Re: Let them eat cake, MLB style

Posted: Thu Apr 07, 2016 6:49 am
by SpacemanSpiff
Bringing this one up from a few months ago, because it's suddenly become, well, humorous.

HBO host and comic John Oliver managed to score four premium seats at the first three Yankees home games. He sold the tix for a quarter apiece, with the condition that the purchasers had to dress as if they'd never been in such seats before.

http://sports.yahoo.com/blogs/mlb-big-l ... 41085.html

These seats are right behind home plate (meaning it's going to be seen on the broadcasts). The first night had a group dressed as the Teenage Mutant Ninja Turtles. Last night had two dresses as unicorns, and two dressed as Left Shark and Right Shark (from Katy Perry's Super Bowl routine last year; no word on if Left Shark's choreography has improved).

I would like to have seen how much steam came out of Lonn Trost's ears upon seeing these.

Re: Let them eat cake, MLB style

Posted: Thu Apr 07, 2016 6:57 am
by BackInTex
Jeemie wrote:
BackInTex wrote:sounds like someone has consulted wit Bernie Sanders on their business model.
I'm not following this connection at all...
Really?

Completely non-market based fixed pricing to ensure everyone pays the same price regardless of demand or real value? You don't see the connection?

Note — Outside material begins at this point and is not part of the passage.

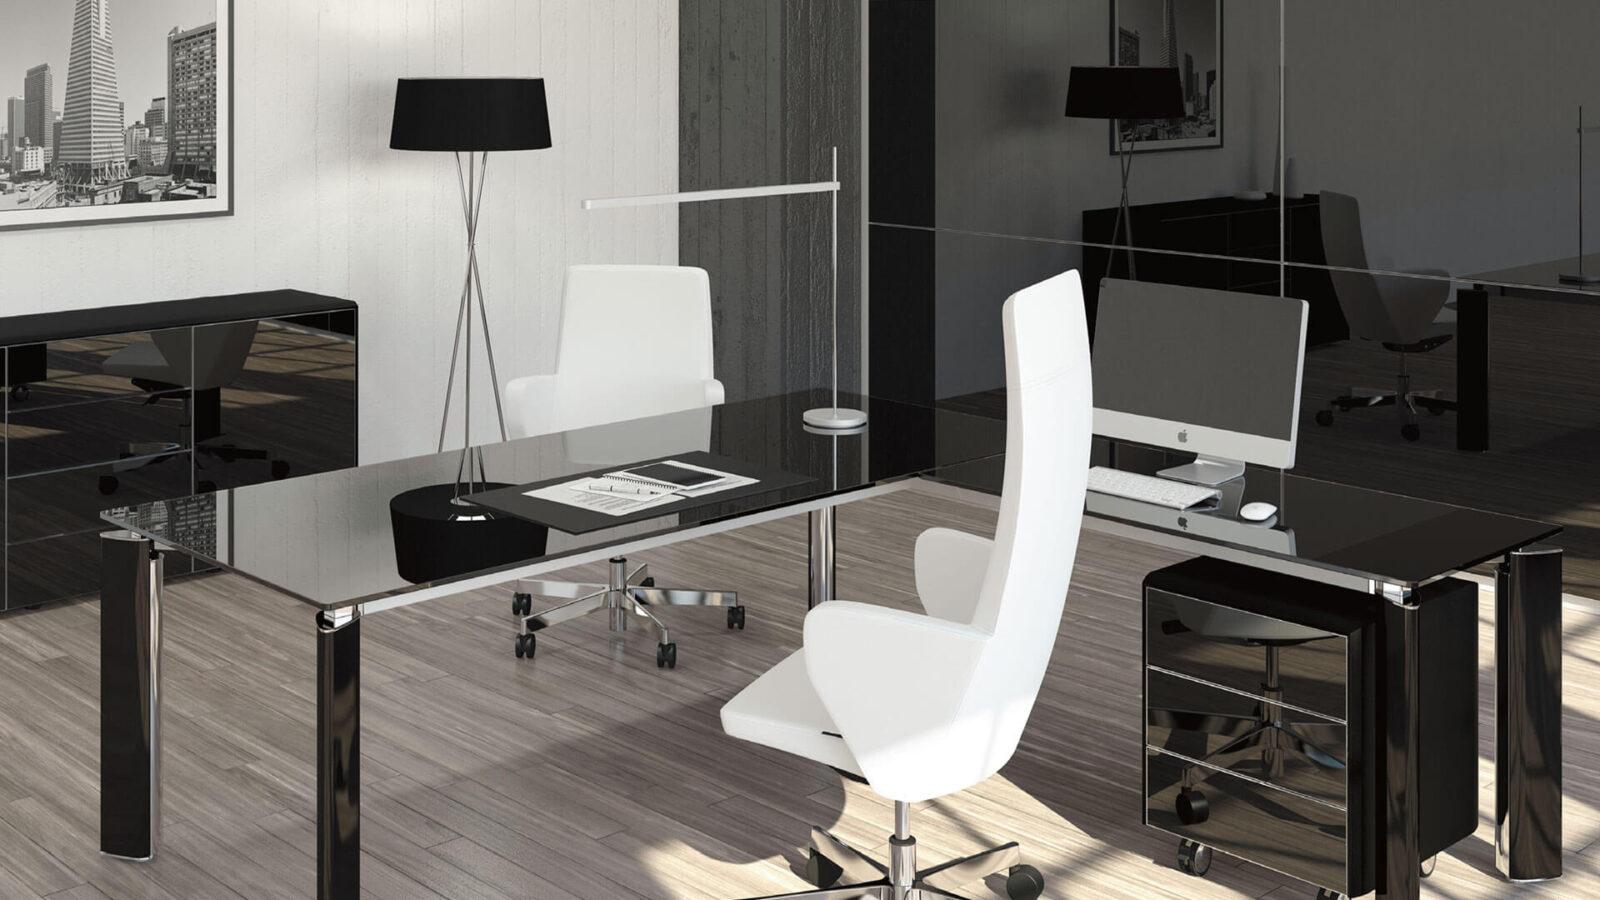 Uffici direzionali arredi mobili per ufficio torino adv eu for Mobili per ufficio torino

Re: Let them eat cake, MLB style

Posted: Thu Apr 07, 2016 9:54 am
by T_Bone0806
littlebeast13 wrote: Whew! Just when the baseball world thought it was no longer cool to hate the Yankees, they remind us they're still the original Evil Empire after all! King George would be proud...

lb13

Trost is an asshat. So is another member of the "braintrust", Randy Levine. Believe me, there is no shortage of die-hard Yankee fans who loathe Trost. And it pisses us off that they'll trumpet big attendance figures on air when the cameras are showing plenty of empty seats in the millionaires' sections. It's been an issue ever since the new stadium opened and they started courting the Biff and Muffy brigade rather than the meat and potatoes, longtime devotees. The big spenders only show up when it's trendy to do so, a big game. And when they do, they're usually on their cell phones anyway. As a result, the crowds just don't have the same thunder that they did at the old stadium. Sometimes it sounds more like a golf game than a baseball game.